Do you realize that six teams from each league make the MLB playoffs this season?

Before the Major League Baseball playoffs expanded with divisions and wildcards, there were 10 teams in the American League and 10 in the National League. Only the pennant winners in each league advanced to the World Series. That is two out of 20, meaning that most teams had nothing to play for in August and September. And you think baseball is boring today?

First came adding more franchises in both leagues and expansion to three divisions in each with one wildcard team. Then, eventually, two wildcard teams got to enter the postseason.

This season, those who run Major League Baseball have made the national pastime more exciting than ever.

Besides the three divisional winners in each league, there are now also three wild cards, resulting in almost half of the teams making the playoffs.

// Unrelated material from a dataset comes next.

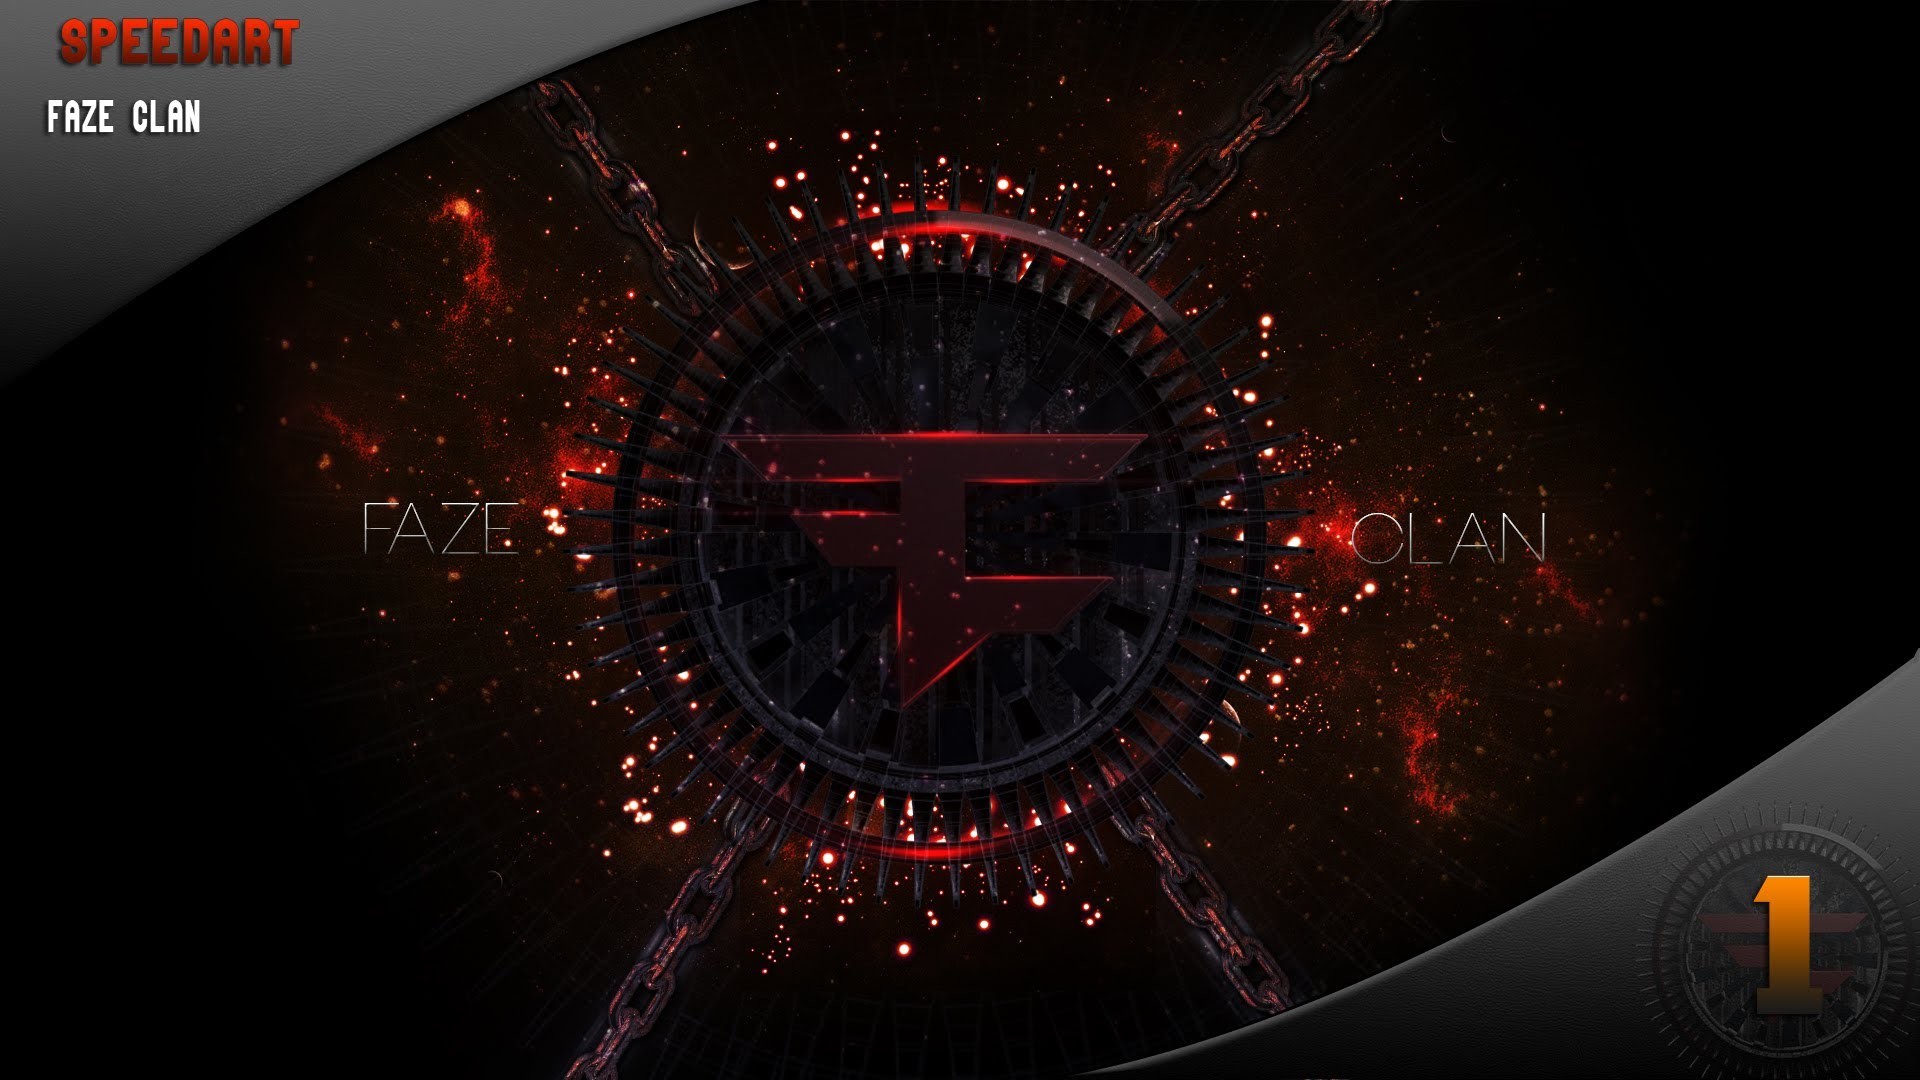 1920x1080 YouTube FaZe Clan submited images.

So where once it was only 10 percent of the teams in each league, now 6 out of 15 get to battle in the post season to win a pennant and play in the Fall Classic. By comparison, that is 40 percent of the teams that began the regular season who get to keep playing into October.

Teams and their fans have much more to play for and reasons to keep coming to the ballpark.

The result is baseball is infinitely more exciting today than it was for the last generation. Ten more fan bases remain engaged in playoff races. While the Yankees and Astros are running away with their divisions, they still have to play their way into the World Series.

It works with seedings set by the divisional winners and the next three teams with the best won-lost records. The two divisional winners with the best records get byes in the first round of the playoffs.

The other four teams are seeded from 3 to 6 and play best-of-three to advance to the second rounds of the divisional playoffs to reach the AL and NL championship series.

So check the records of your favorite teams. They still might be alive for postseason berths when in the past they would be out of the running by now and, as they used to say in Brooklyn, waiting till next year.